It’s exceptionally rare that the tiny, perpetually marginal, and politically outmatched animal rights movement manages to capture national attention. A lack of attention is that movement’s core problem and central organizing question. How can it convince the public to make space in their minds for something they’d really, really prefer not to: the industrialized torture of animals by the billions for food, research, and other human ends?
One coalition of grassroots activists has offered one possible answer. It has recently mounted one of the most audacious and most news-making animal rights campaigns in recent memory, and, in the process, turned an obscure breeder of beagles for biomedical experimentation into an issue of national political significance.
On March 15, dozens of activists stormed Ridglan Farms, a dog facility outside Madison, Wisconsin, that raises beagles for research labs across the country and has been accused by state regulators of hundreds of animal welfare violations. The activists entered one of the company’s buildings and extracted 30 of the dogs held in cages there (who are, under the law, Ridglan’s property). Twenty-two beagles were driven off the site and have since been placed in homes, while eight were seized from activists by police and believed to be returned to Ridglan.

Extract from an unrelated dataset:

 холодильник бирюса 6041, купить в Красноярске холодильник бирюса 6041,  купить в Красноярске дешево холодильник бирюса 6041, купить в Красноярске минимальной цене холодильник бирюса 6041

That event produced an arresting set of images seen by tens of millions of Americans in the news and on social media, and it reached the agenda of political leaders all the way up to Congress and the Trump administration. So, the group, a loose assemblage known as the Coalition to Save the Ridglan Dogs, sought to raise the stakes even higher: They would rapidly recruit and train hundreds of new volunteers and return to Ridglan within a few weeks to remove all of the nearly 2,000 beagles believed to still be confined there.

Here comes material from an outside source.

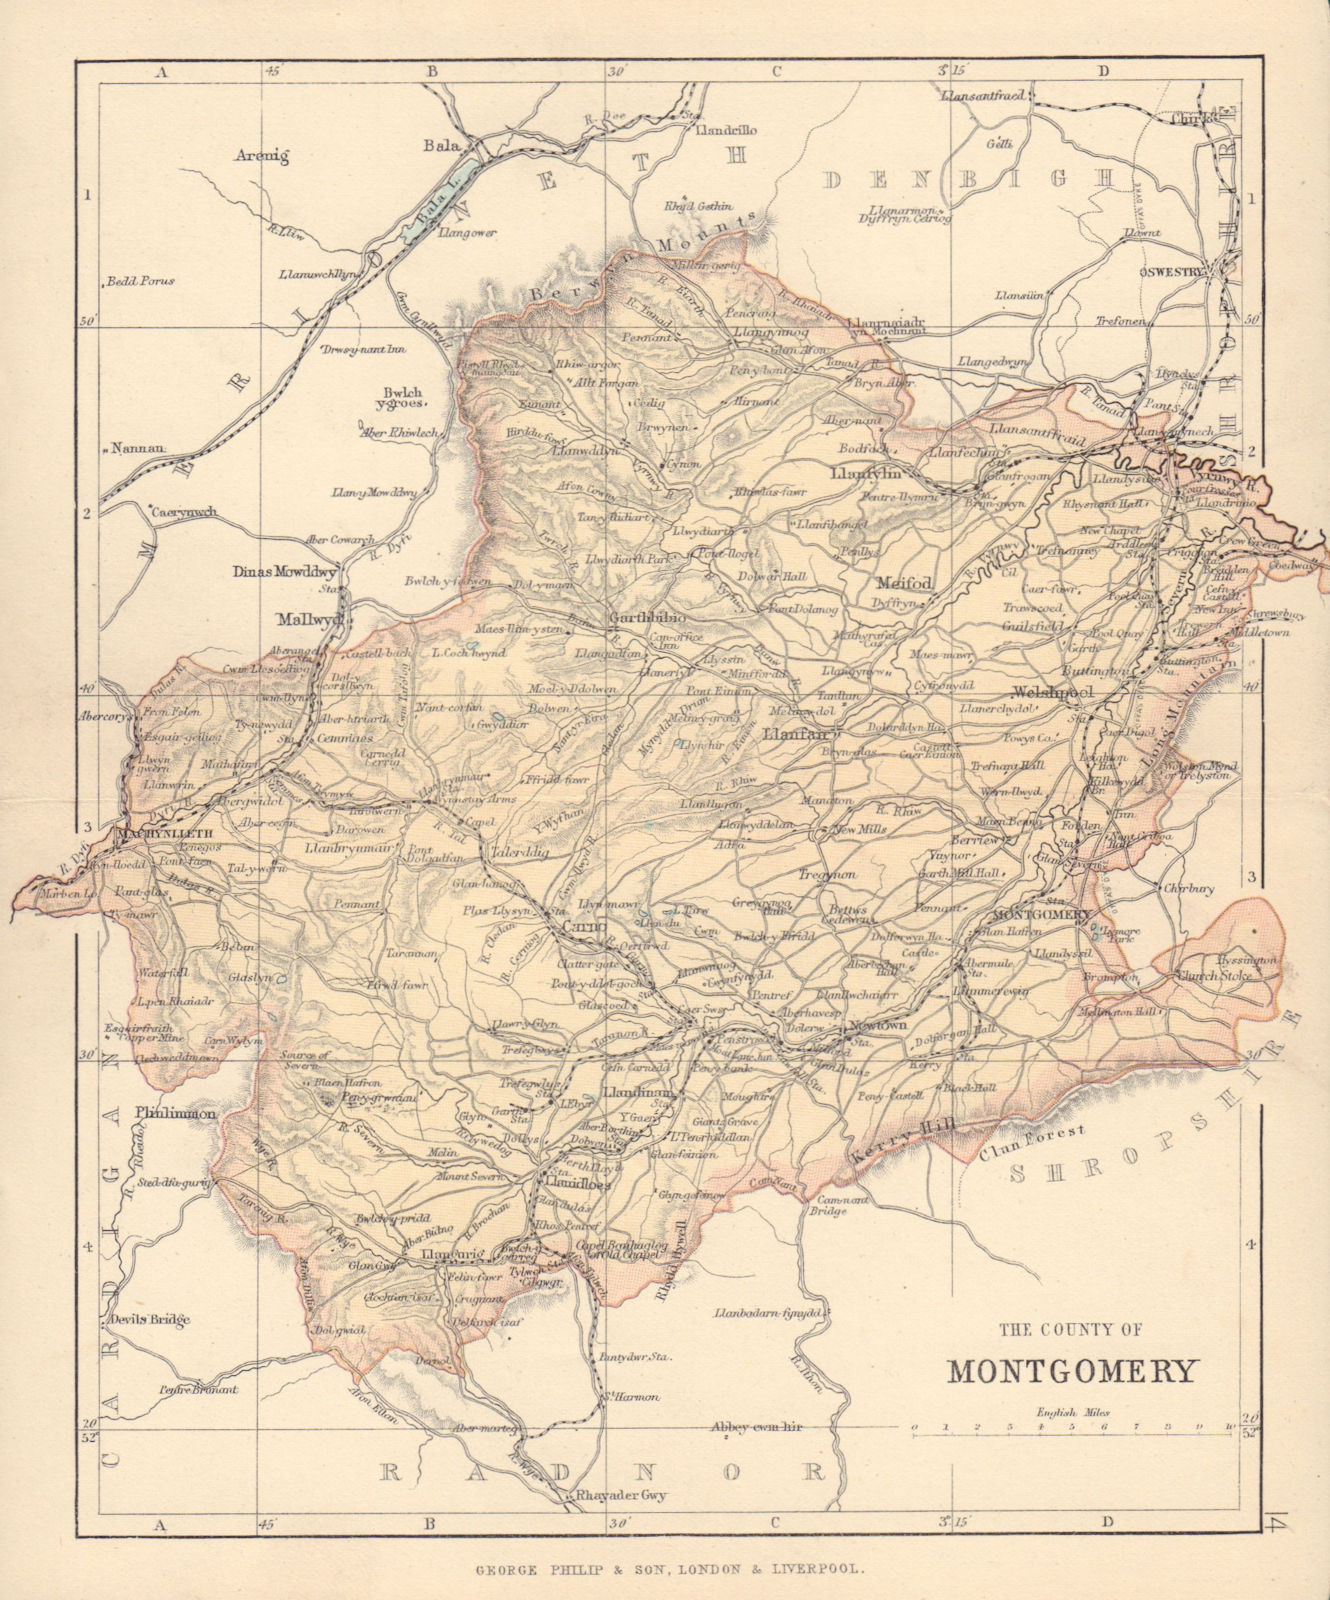 MONTGOMERYSHIRE "County of Montgomery" Welshpool Wales BARTHOLOMEW 1890 map

This next rescue attempt, on April 18, unfolded much differently, when more than 1,000 activists arriving at the facility were caught off guard by a major show of force from law enforcement. The police, primarily the Dane County Sheriff with help from other law enforcement agencies, tackled activists and deployed rubber bullets; pepper spray; tear gas; and, the sheriff’s office confirmed to me, stinger grenades, which are less-lethal grenades that release rubber pellets and are often used for riot control.
One woman had her nose broken. A 67-year-old Navy veteran was pinned to the ground, covered with tear gas, and struggled to breathe as an officer pressed a knee into his back. Another man trying to go through a hole in Ridglan’s fence was knocked unconscious by police and had a tooth knocked out. Police removed a woman’s protective goggles to douse her in the face with pepper spray. Numerous people ended up in the emergency room. Reporting from the scene, I found myself, for a minute or two, also choked by tear gas.